▶ Work instructions
When you transcribe the lines below, keep every word the same and leave the pictures behind.

▶ Collected material

==================================================

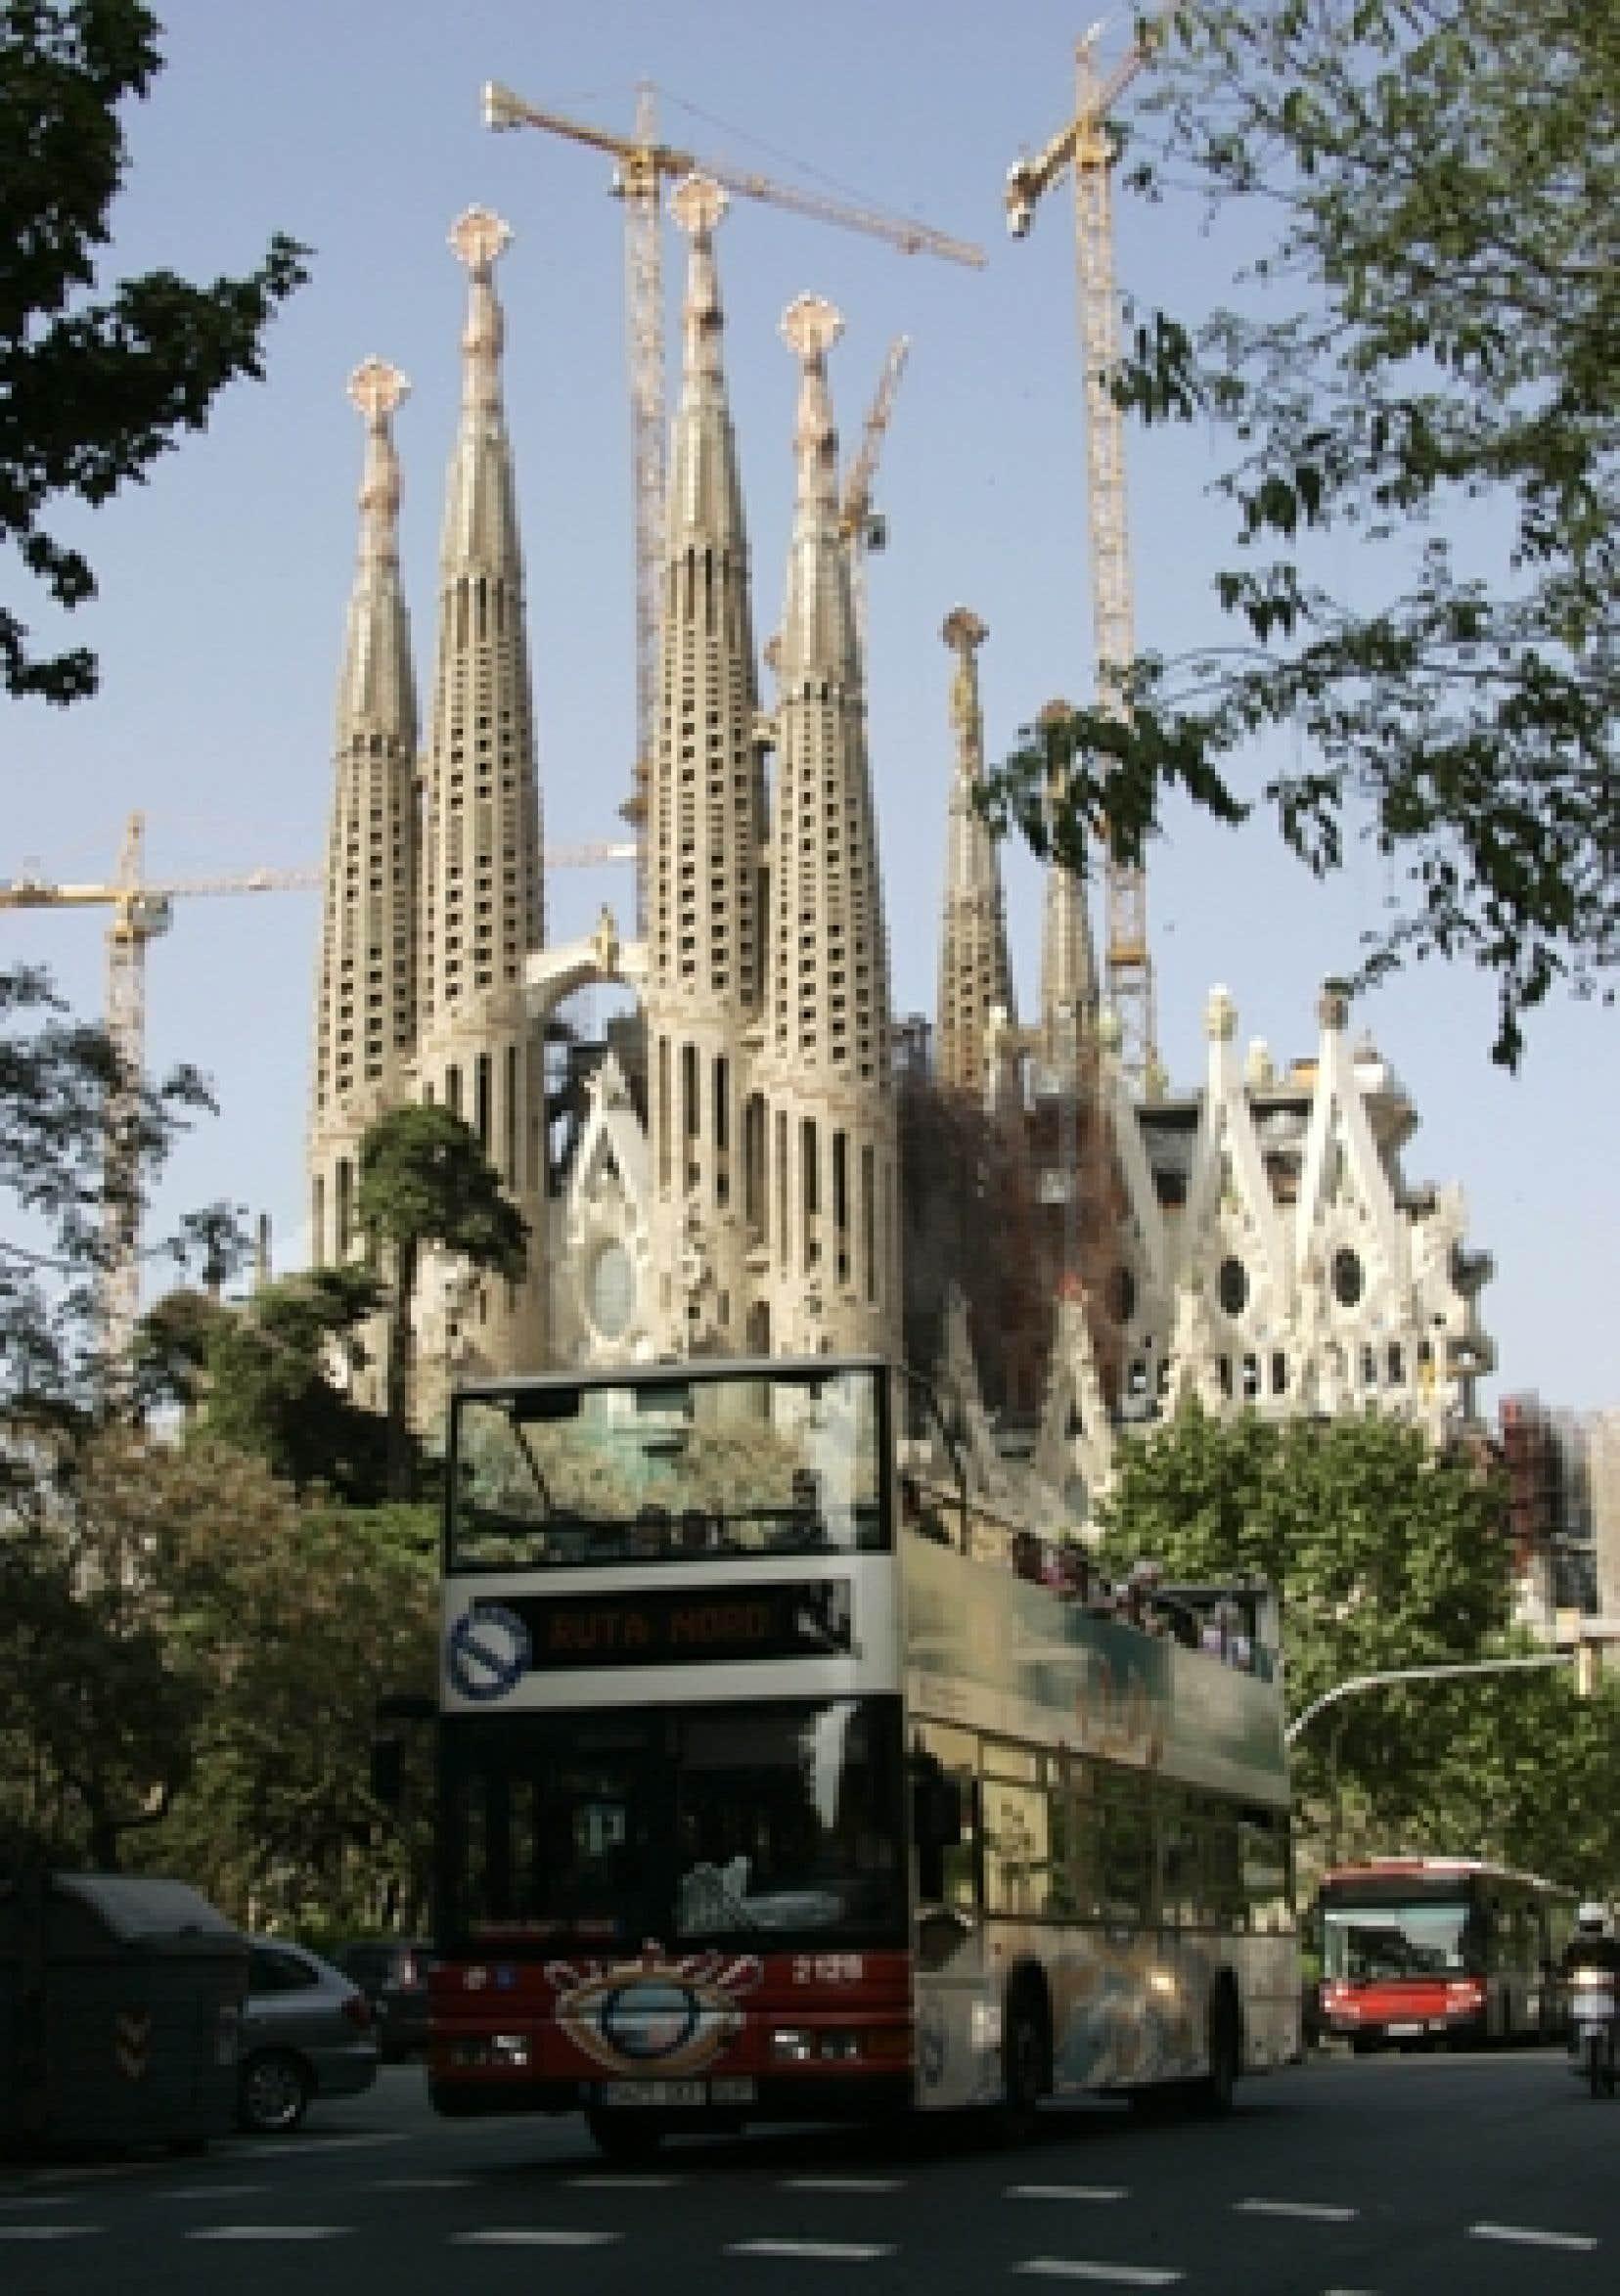 L'église Sagrada de Barcelone.
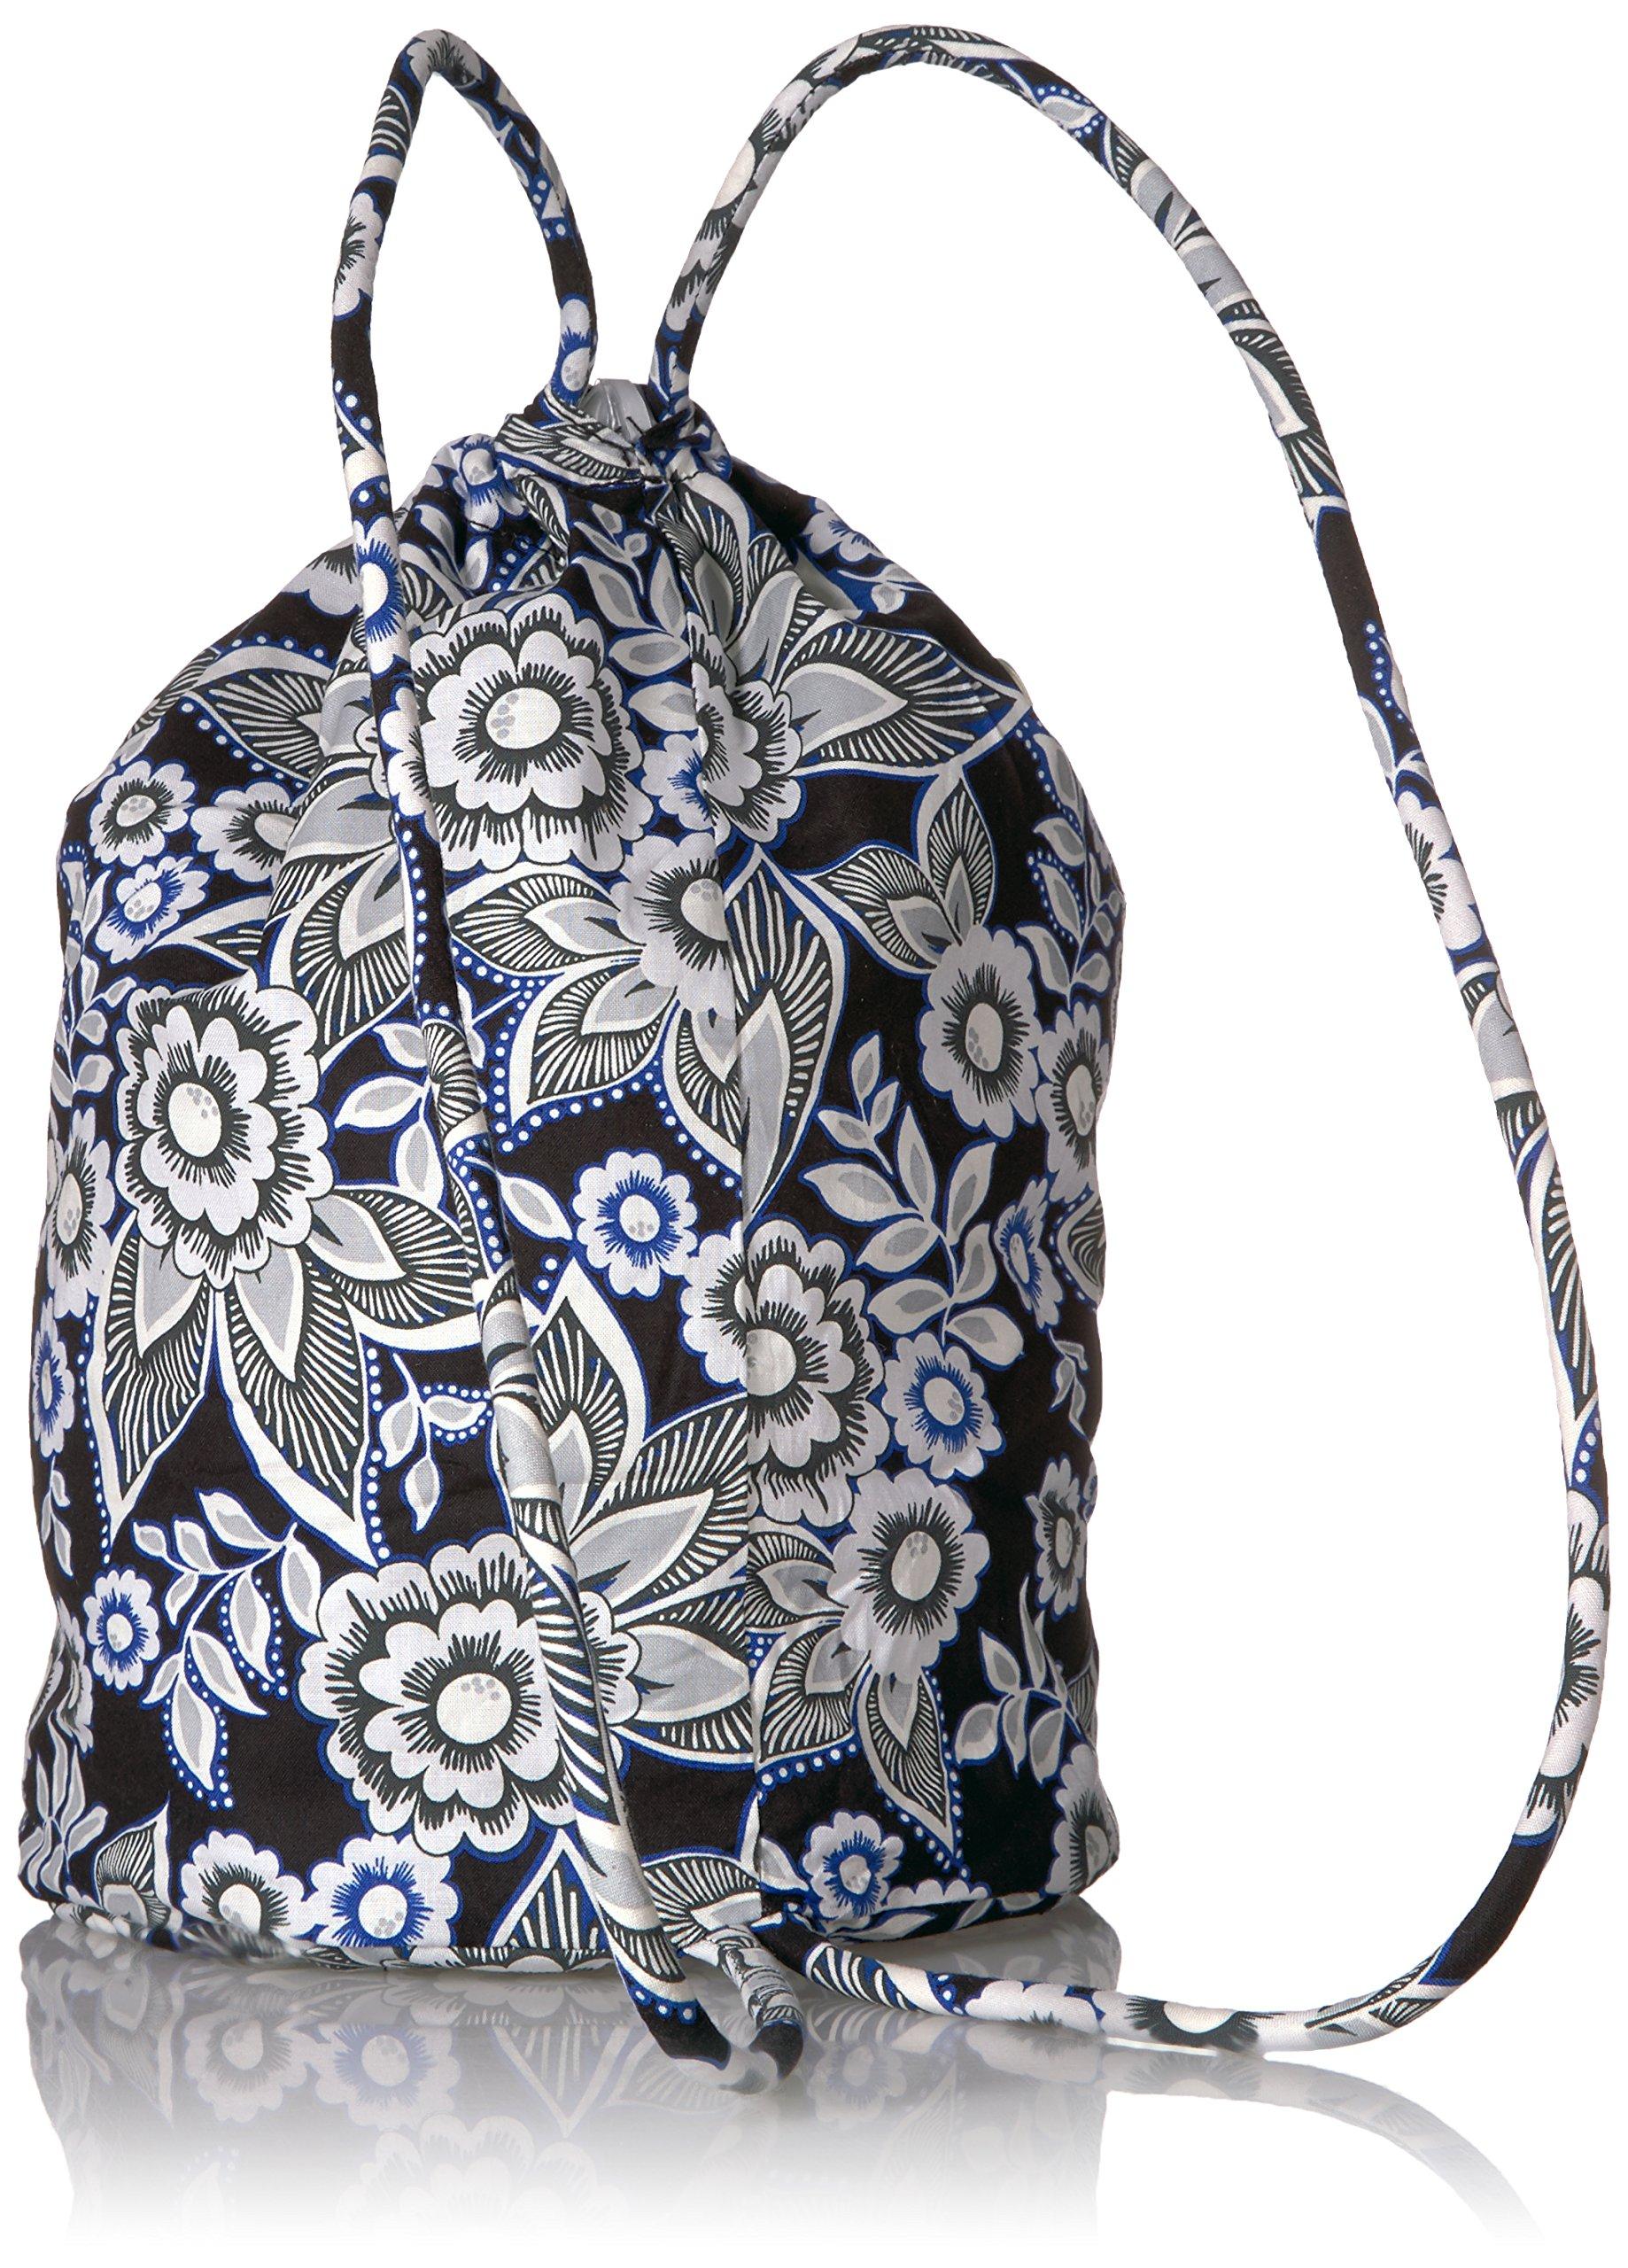 Vera Bradley Iconic Ditty Bag-Signature by Vera Bradley (Image #2)
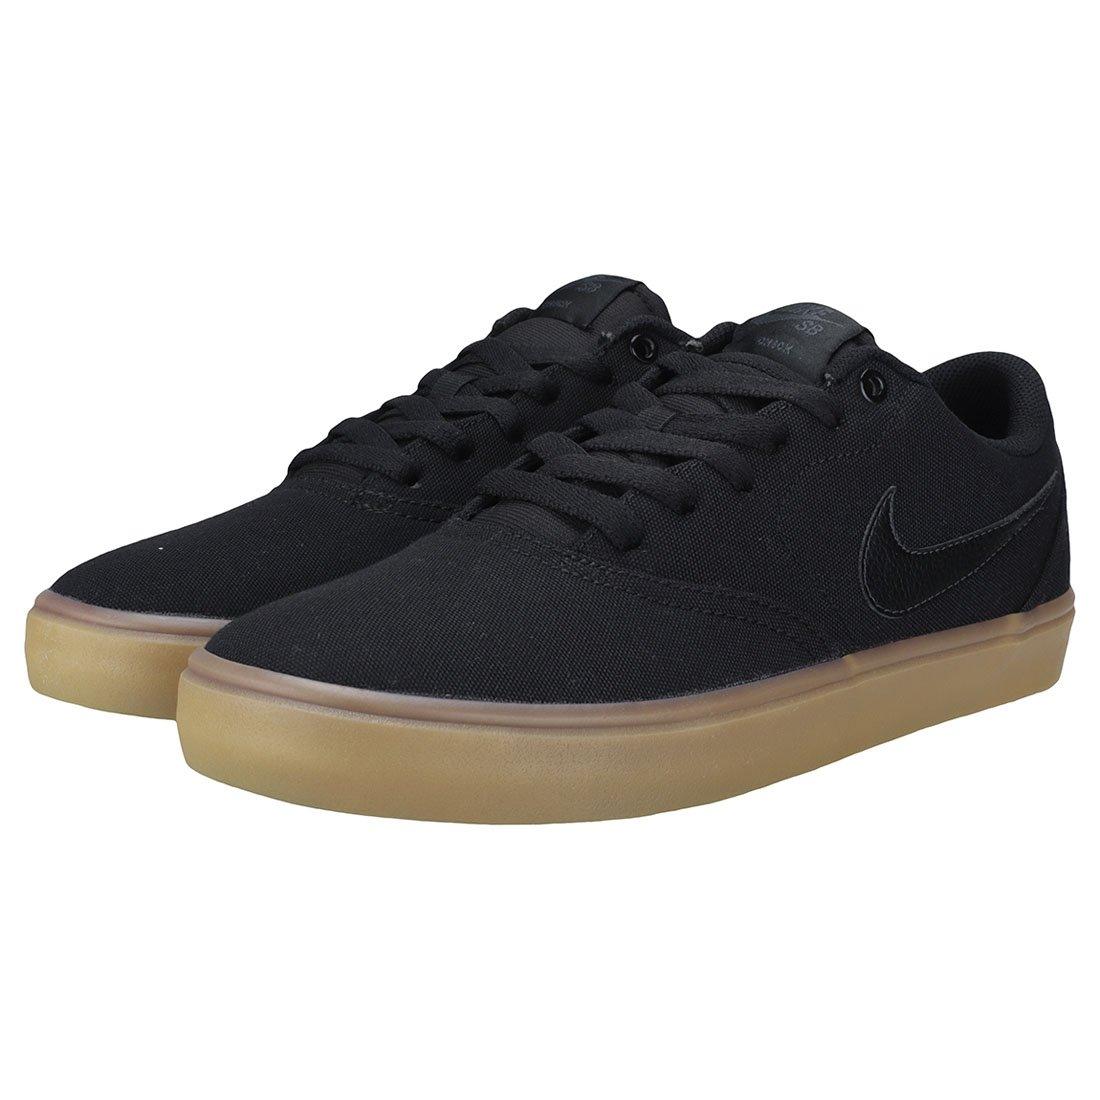 Nike Men's SB Check Solarsoft Canvas Skateboarding Shoes Black/Black-Gum Light Brown 10 by Nike (Image #9)

==================================================

▶ Solved problem
 L'église Sagrada de Barcelone.
 Vera Bradley Iconic Ditty Bag-Signature by Vera Bradley (Image #2)
 Nike Men's SB Check Solarsoft Canvas Skateboarding Shoes Black/Black-Gum Light Brown 10 by Nike (Image #9)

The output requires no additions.